A reader recently expressed frustration that there is so much information on the Internet about querying and how to do so properly, but so little about what to do next. What happens once the author-agent relationship is established and what can you do if problems arise?

Now, I’ve written a number of posts on how to handle the situation when the agent stops responding and you’re hearing nothing, but what if it hasn’t gotten quite that bad yet. I’m sure a number of you will have specific questions, but I’ve tried to come up with some information here on my own.

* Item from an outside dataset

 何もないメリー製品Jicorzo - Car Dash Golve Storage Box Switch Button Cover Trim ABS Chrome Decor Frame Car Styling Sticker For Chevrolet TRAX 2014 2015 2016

When getting that first offer of representation, you have already established a relationship with an agent. It might not be the person you ultimately agree to hire as your agent (because presumably you’re using this fabulous opportunity to shop around for just the right person), but it is the time to begin your relationship. To find out how the agent works and to get a sense for whether or not the two of you will be compatible.

I’ve said it over and over, but I’m not sure I’ve ever said it quite so simply: The key to a successful author-agent relationship is communication. Now, I realize that communication only works if it’s coming from both sides, but someone needs to start somewhere. It’s the rare agent who will make all the initial contact with an author. We have many authors, you have one agent. Because of that I advise all of my clients to contact me as often as they want about whatever they are wondering about. I get emails and phone calls all the time from clients about the status of their submissions, concerns about the direction of their publishing careers, advice on what to write about on the blog, confirmation of gossip and rumors, just to touch base, to tell a funny story, or to make sure I still think they are great. And of course any time I have information or news to share with my clients I pass it along.

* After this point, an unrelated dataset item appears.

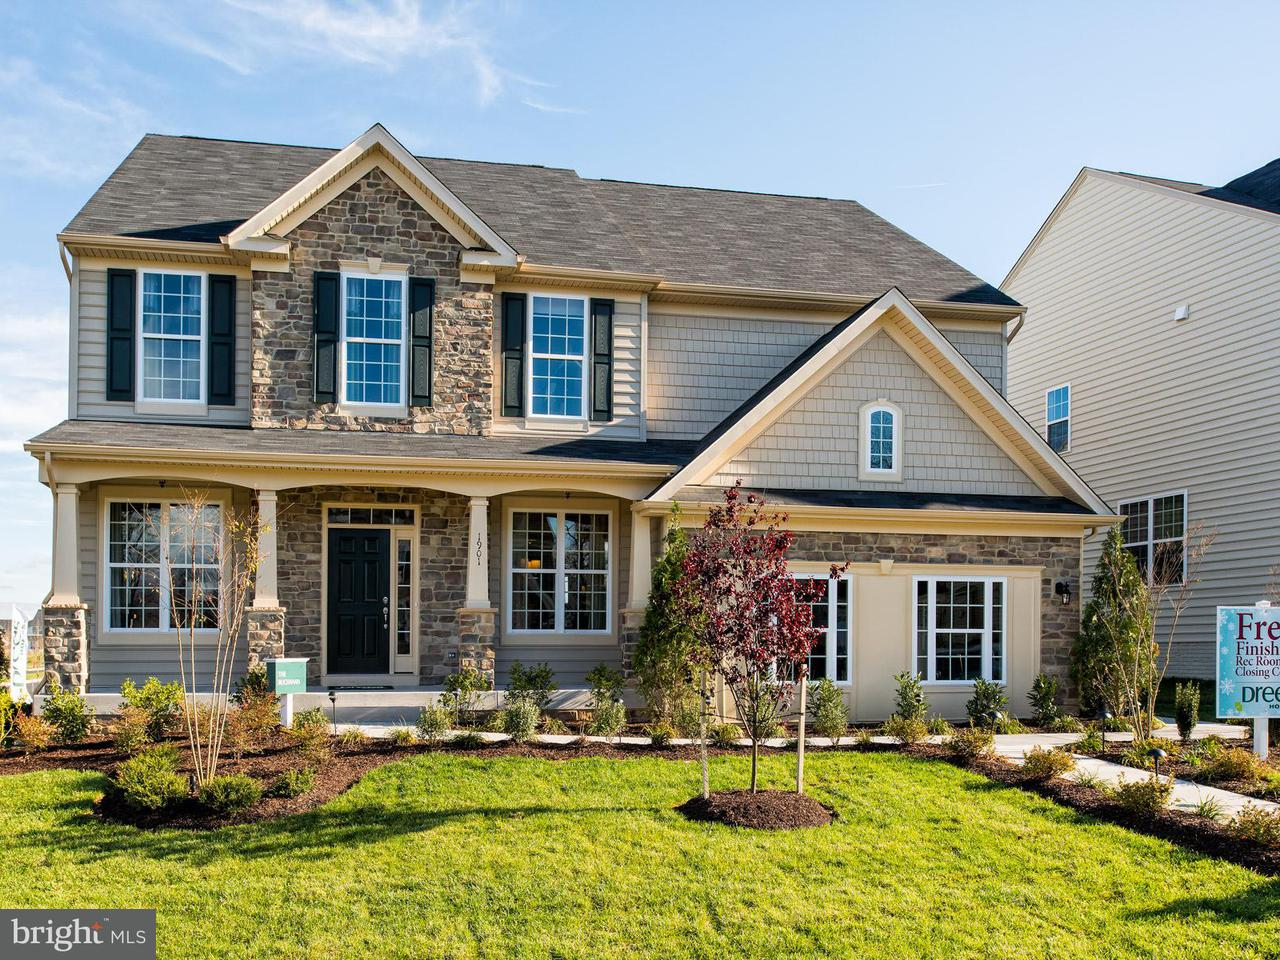 단독 가정 주택 용 매매 에 3629 Donna Court 3629 Donna Court Monrovia, 메릴랜드 21770 미국

Part of what I try to remember to do when signing a client is to get a feel for career goals. Unfortunately, in the excitement of signing a new client and enthusiasm for the project we’re currently working on, sometimes that information gets pushed aside momentarily. Eventually, though, the conversation happens and needs to happen and I think it’s wonderful when it comes from the client. I have a number of clients who actually write up business plans and goal lists for themselves and their careers. If you do that, don’t hesitate to share it with your agent. An agent can work best for you if she knows exactly what you want and what you need. So don’t be afraid to let her know that.

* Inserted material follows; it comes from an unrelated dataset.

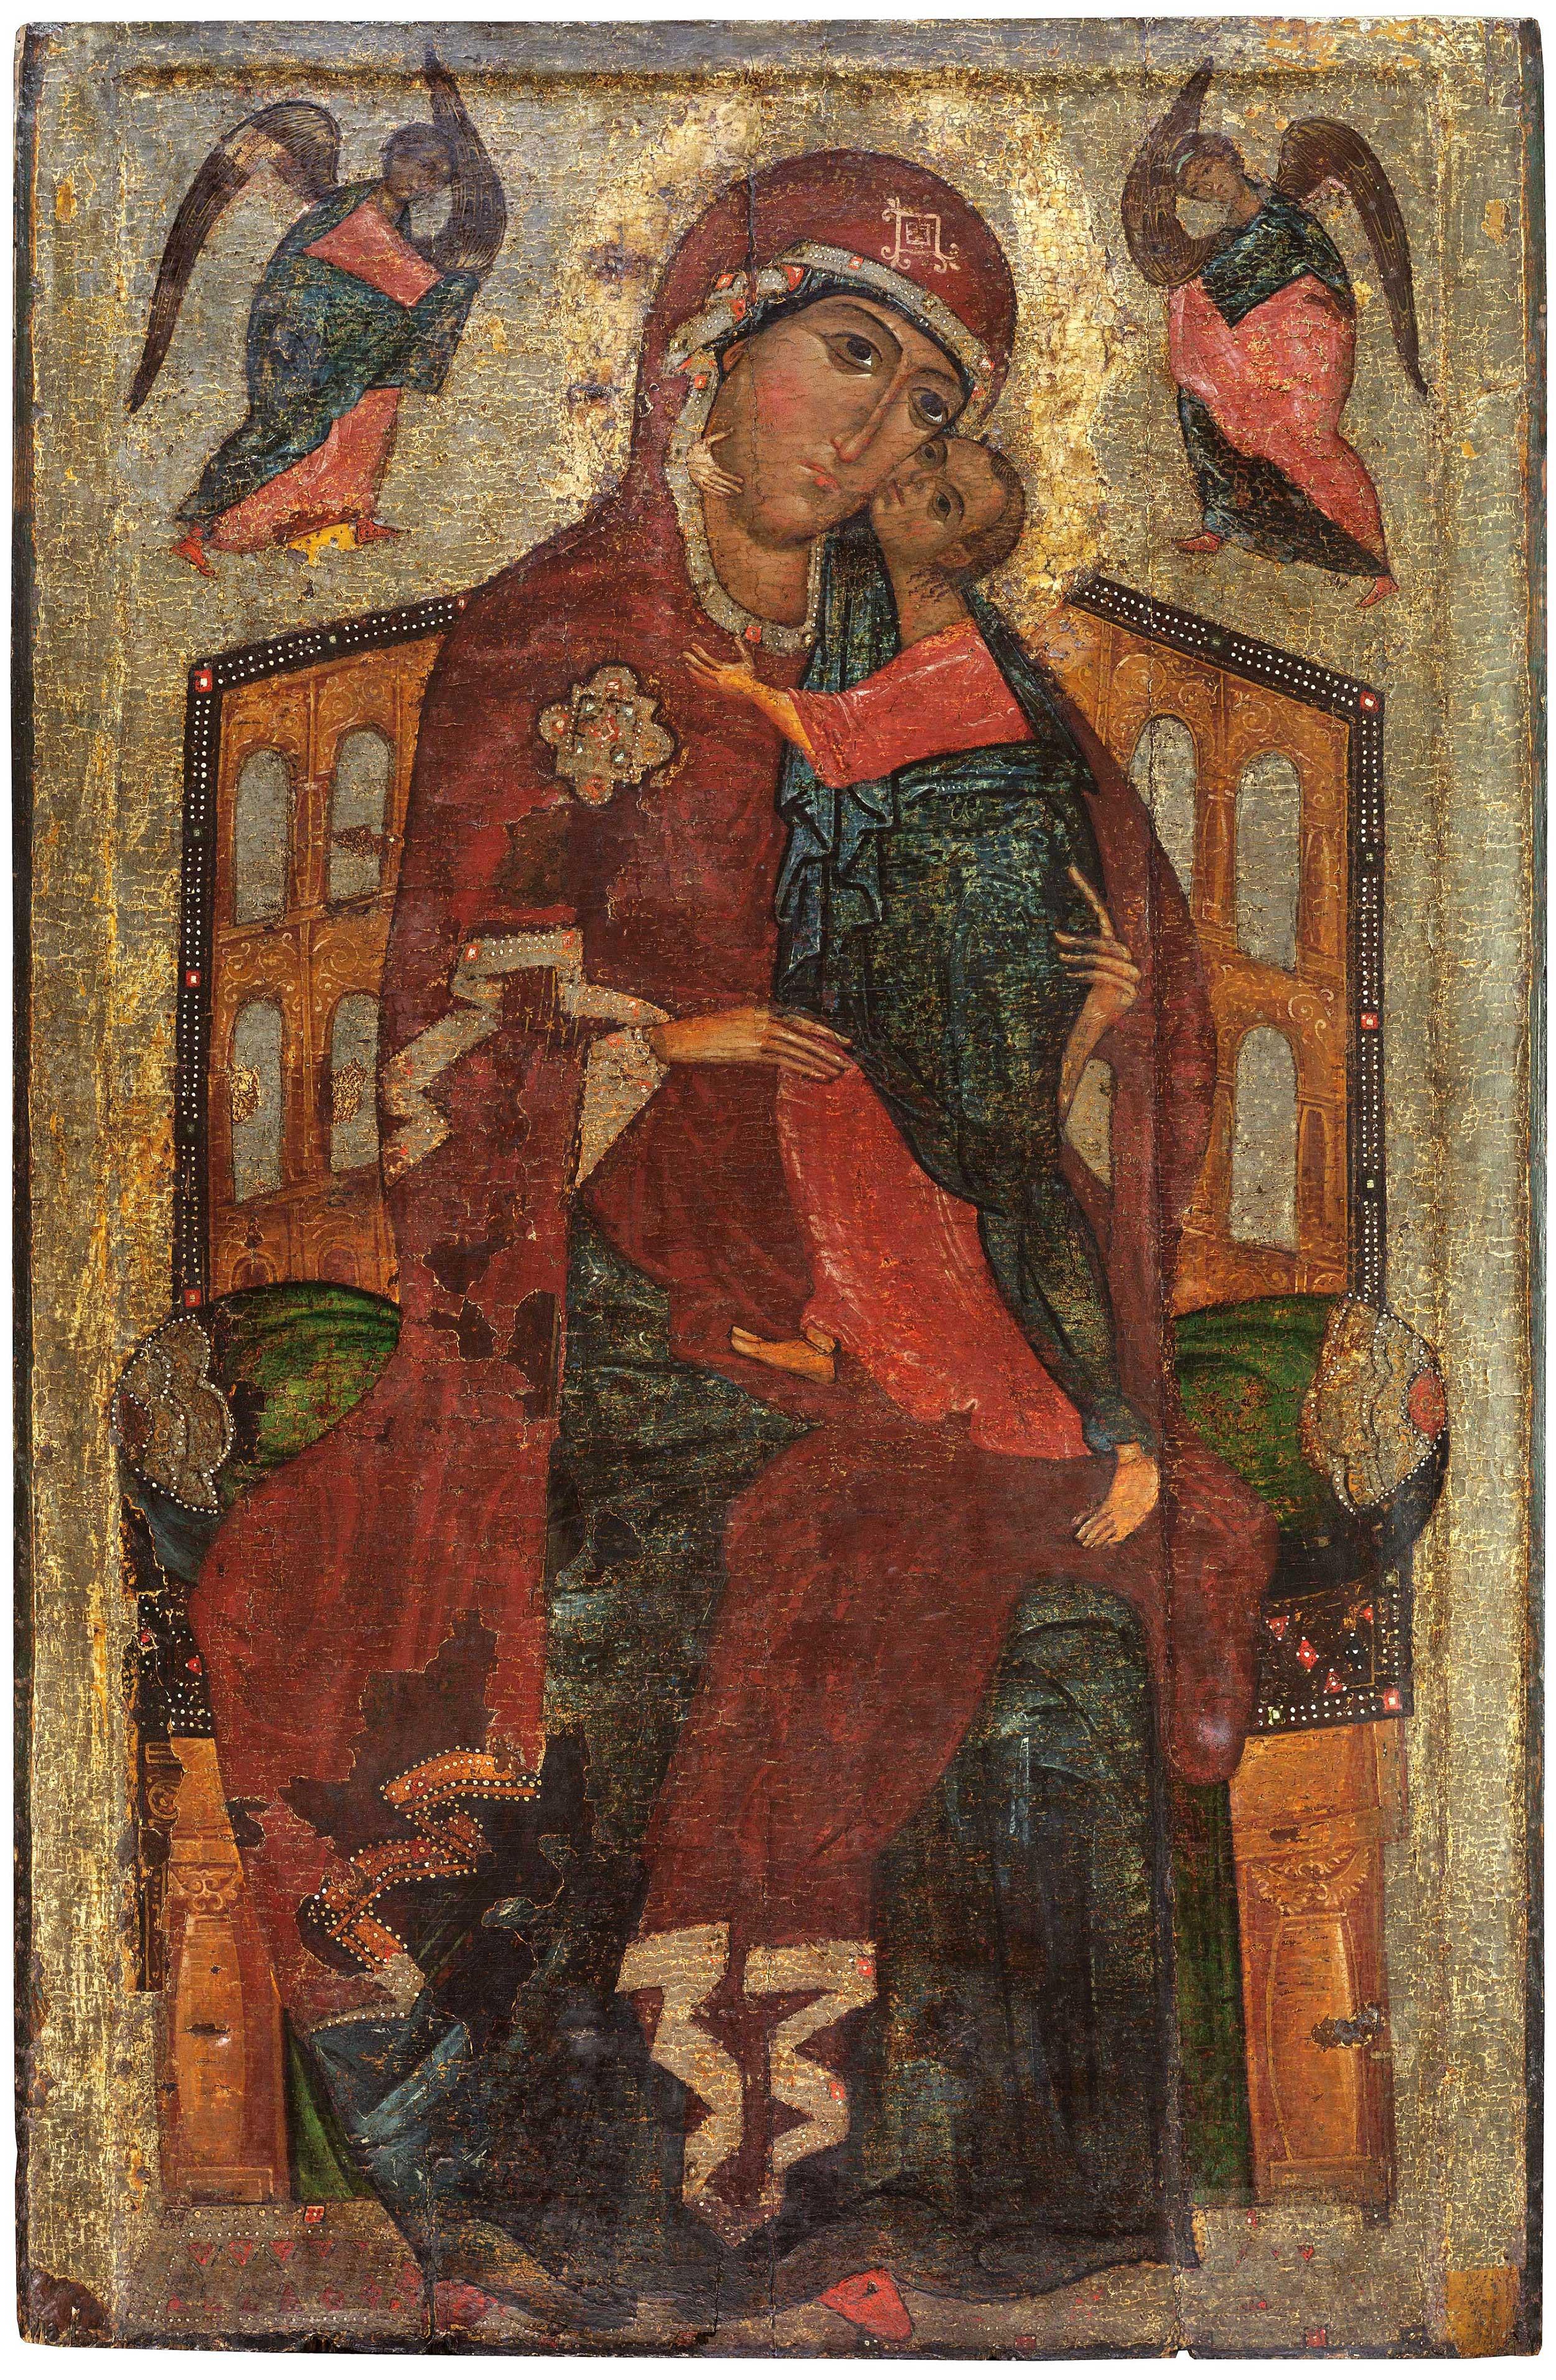 Die Große Ikone der Gottesmutter von Tolga

If you have specific ideas of what an agent should be you need to talk to your agent about that before you sign on the dotted line. Do you think an agent should be available 24/7 no matter what? Ask your potential agent how she handles communication. Better yet, get in touch with some of her clients and ask them. Ask the tough questions, not only how the agent handles such things, but also what some of her negatives might be. I know a number of my more recent clients talked with more long-standing clients before signing. They weren’t hard to find, just search our Web site or Publishers Lunch.

But what if you did all of that and still there are problems: suddenly the agent is not following through on what you felt she had promised, or you just don’t feel you’re connecting. What next?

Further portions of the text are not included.